Но Гааз не унимался. Он возбудил в заседании тюремного комитета в котором докладывалось отношение генерал-губернатора с прописанием соображений Дегая, вопрос о том, как же быть по отношению к ограждению прав на доказательства своей невиновности со ссыльными, умершими в пути, не дойдя до места назначения в Сибири, или с теми, которые подвергшись неизлечимым болезням, оставлены на месте, где их постиг недуг. Вместе с тем, он утверждал, что всякий из ссыльных, следуя в Сибирь, необходимо находится в близком сношении с сопровождающей его стражею, смотрителями, служащими при местах заключения и при больницах тюремных, с членами губернских правлений и попечительного комитета о тюрьмах – следовательно, он везде может найти посредников к исполнению своей просьбы. Тюремный комитет разделил взгляды и сомнения Гааза и решился представить о том в 1833 году князю Голицыну. Последнего недаром в том же году приветствовал Жуковский как «друга человечества и твердого друга закона, сочетавшего в своих доблестях: в день брани мужество, в день мира – правый суд». Он остался верен той настойчивости в деле, считаемым им правым, которую, по почину Гааза, проявил уже в борьбе за прут с Капцевичем и министерством внутренних дел, тем более, что и тут начинателем явился тот же «утрированный филантроп».

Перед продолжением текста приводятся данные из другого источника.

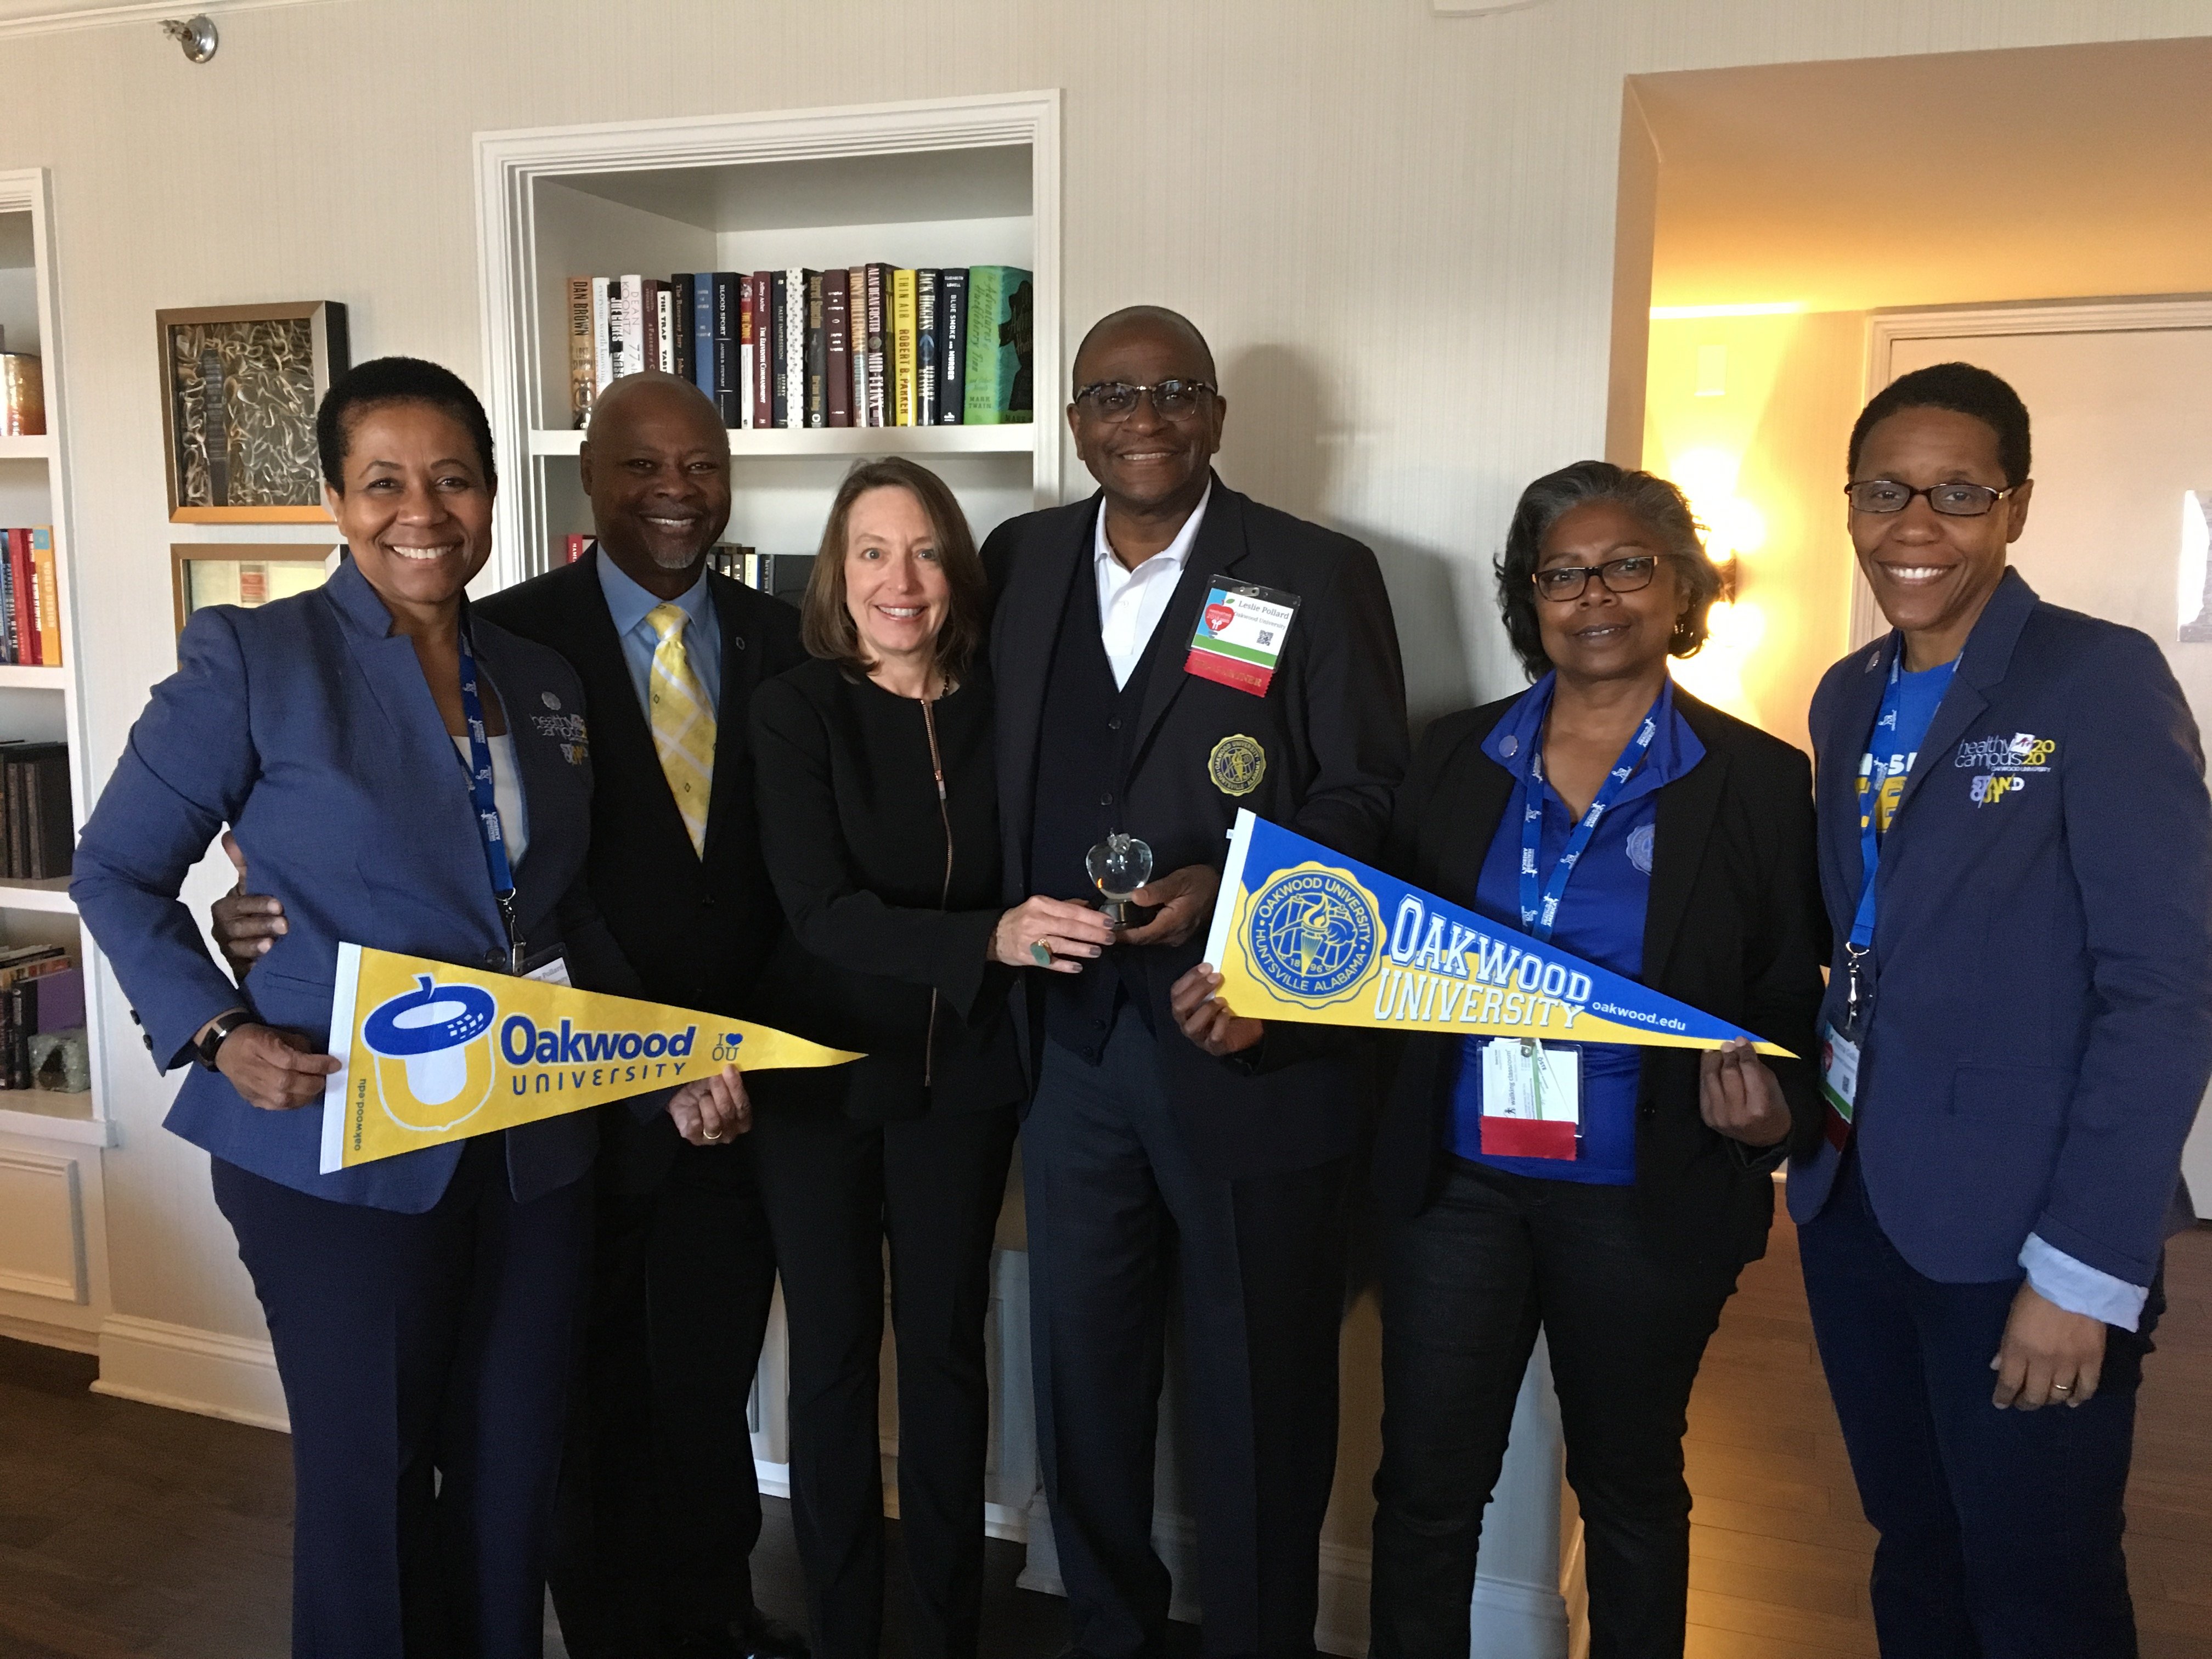 Oakwood University receives recognition for Healthy Campus 2020 initiative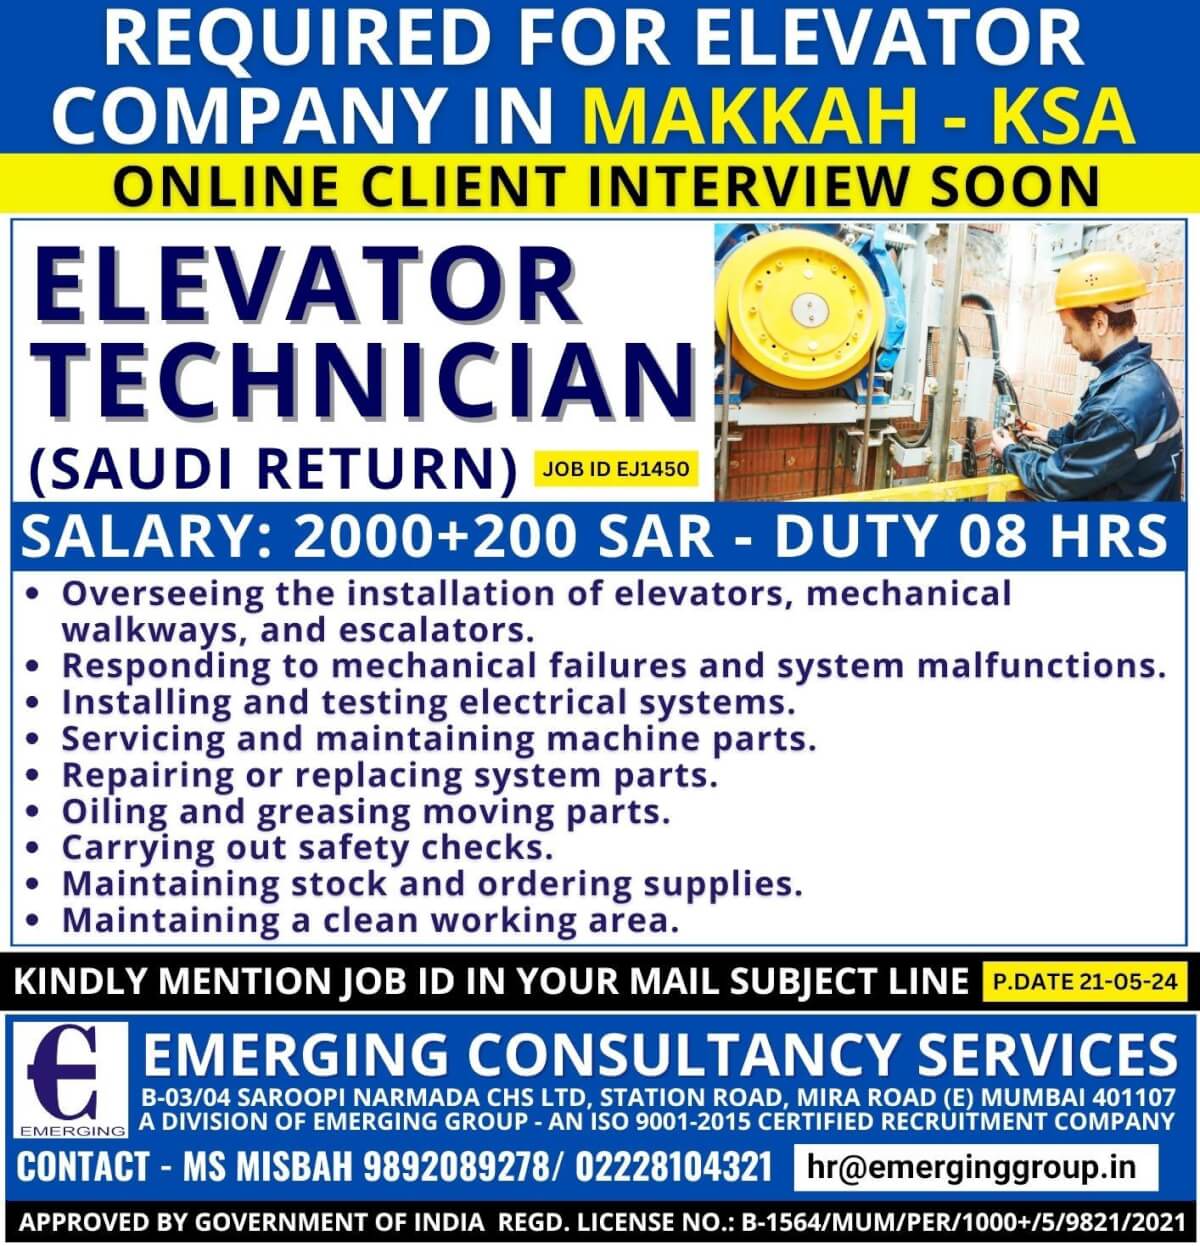 REQUIRED FOR ELEVATOR COMPANY IN MAKKAH - KSA ONLINE CLIENT INTERVIEW SOON

Обращение Голицына к министру юстиции Дашкову встретило неожиданный для Дегая прием, достойный этого просвещенного государственного деятеля. Дашков предложил возбужденный Гаазом вопрос на разрешение сената, который согласно с мнением и министра внутренних дел (Блудова), нашел, что пересылаемые в Сибирь арестанты имеют право подавать жалобы на решения судебных мест с того самого дня, как экзекуция над ними по приговору суда исполнена, из всякого города, через который они будут проходить, с тем однако ж, чтобы – для изготовления просьб – следование в Сибирь арестантов отнюдь не было останавливаемо и чтобы просьбы отправляемы ими были в губернских городах через посредство губернских прокуроров, а в уездах чрез посредство уездных стряпчих. Определение сената (по I департаменту) внесено было, вследствие возбужденных товарищем министра графом Паниным сомнений в согласии его «с точными словами закона», на уважение общего собрания сената. Это высшее в составе сената того времени учреждение вполне разделило взгляд первого департамента и постановило представить об этом на Высочайшее утверждение. Гааз и его великодушный союзник – «предстатель ревностный за древний град у трона», как его называл Жуковский – могли праздновать победу. Но «пламенный» в желаниях угодить князю, Дегай был, как оказалось, предусмотрительнее и их, и всего общего собрания сената: по рассмотрении дела в государственном совете в 1835 г. последовало пояснение 116 ст. XV тома свода законов в том смысле, что «уголовный арестант на приговор, по коему он понес наказание и отправлен в ссылку, может приносить жалобу установленным в законах порядком не прежде, как по достижении места работы или поселения, которое по окончательному распоряжению для него предназначено».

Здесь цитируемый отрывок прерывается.